To demonstrate that rN−1 divides both a and b (the first step), rN−1 divides its predecessor rN−2
- rN−2 = qN rN−1
since the final remainder rN is zero. rN−1 also divides its next predecessor rN−3
- rN−3 = qN−1 rN−2 + rN−1
because it divides both terms on the right-hand side of the equation. Iterating the same argument, rN−1 divides all the preceding remainders, including a and b. None of the preceding remainders rN−2, rN−3, etc. divide a and b, since they leave a remainder. Since rN−1 is a common divisor of a and b, rN−1 ≤ g.
In the second step, any natural number c that divides both a and b (in other words, any common divisor of a and b) divides the remainders rk.
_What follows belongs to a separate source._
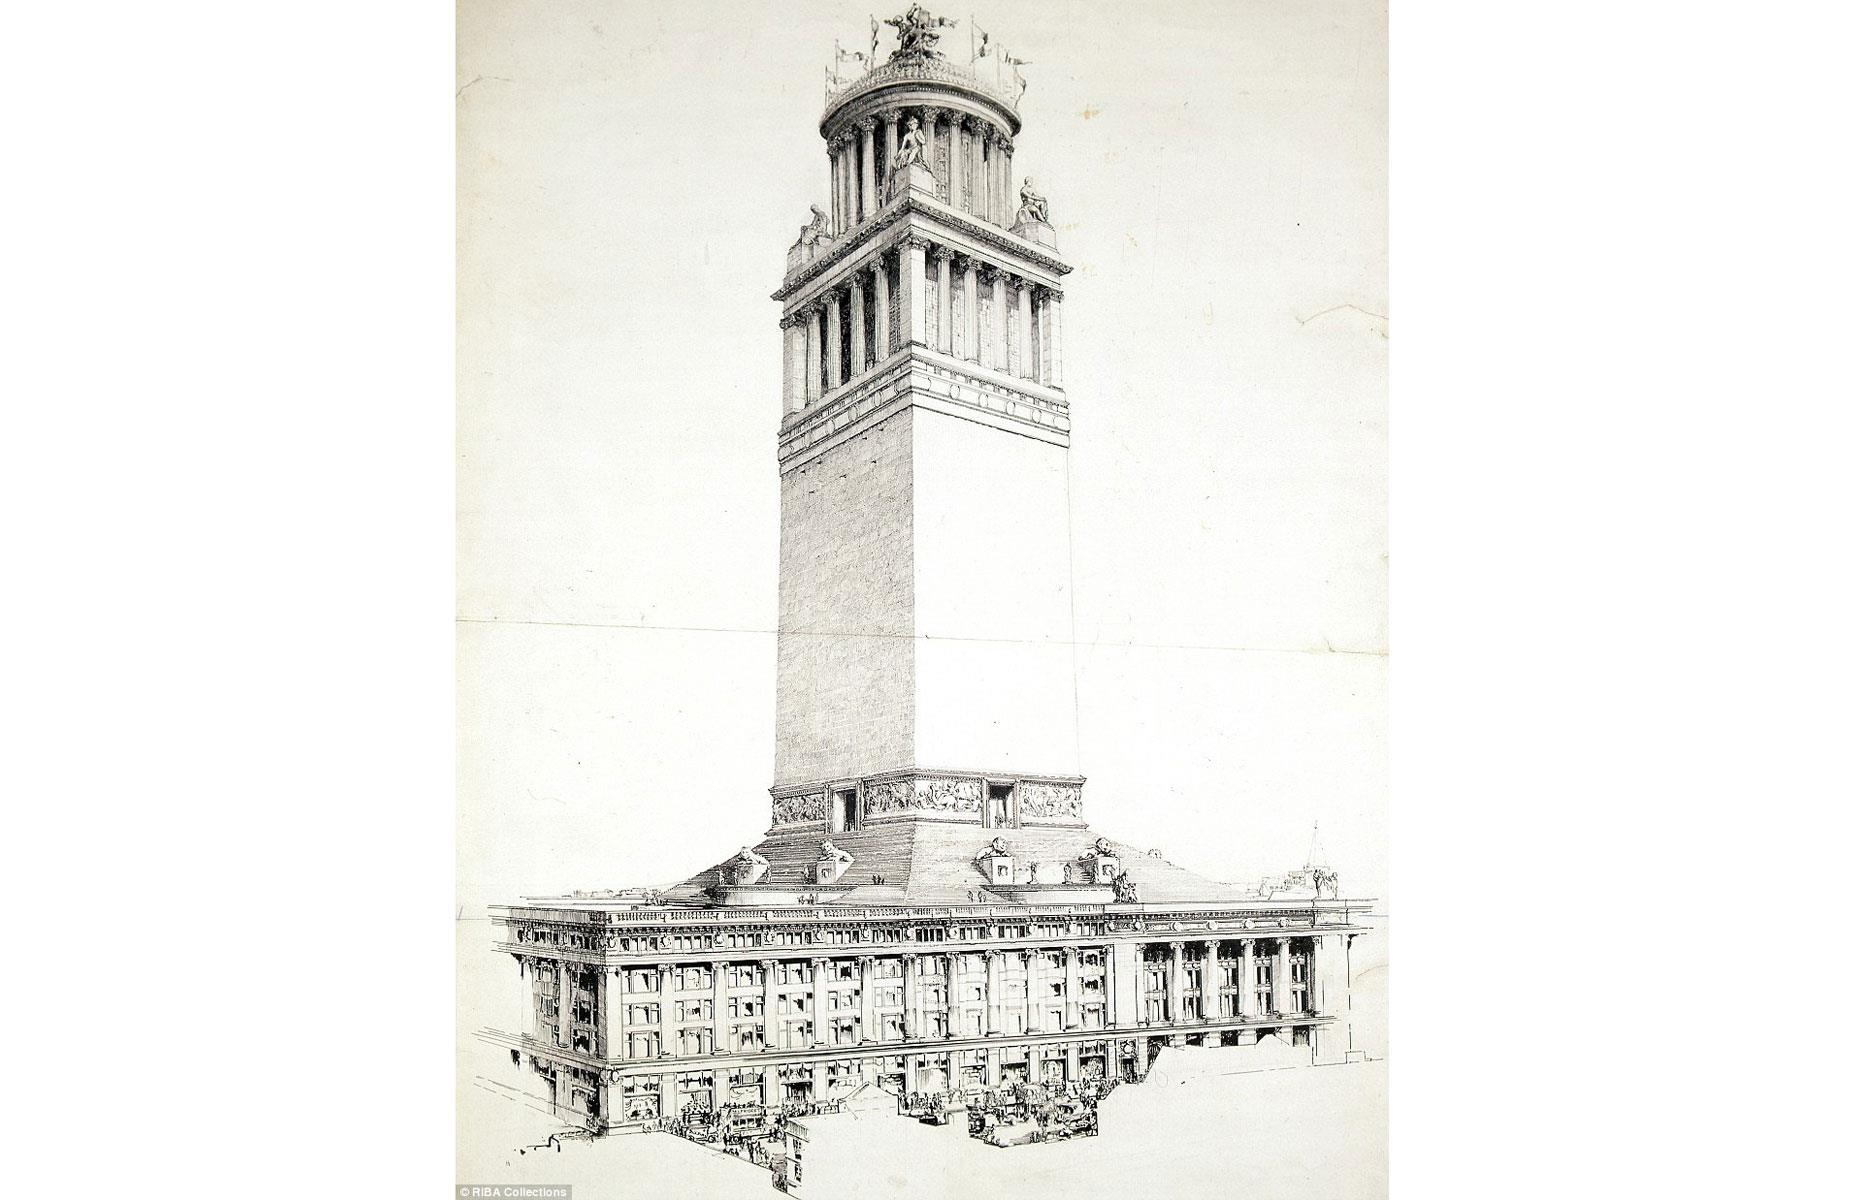 An imposing, comically implausible 450-foot tower was proposed for the department store in 1918 by architect Philip Armstrong Tilden, and Harry Gordon Selfridge reportedly lobbied the local council for years to grant him planning permission for the tower, before he eventually lost interest.

By definition, a and b can be written as multiples of c: a = mc and b = nc, where m and n are natural numbers. Therefore, c divides the initial remainder r0, since r0 = a − q0b = mc − q0nc = (m − q0n)c. An analogous argument shows that c also divides the subsequent remainders r1, r2, etc. Therefore, the greatest common divisor g must divide rN−1, which implies that g ≤ rN−1. Since the first part of the argument showed the reverse (rN−1 ≤ g), it follows that g = rN−1. Thus, g is the greatest common divisor of all the succeeding pairs:[17][18]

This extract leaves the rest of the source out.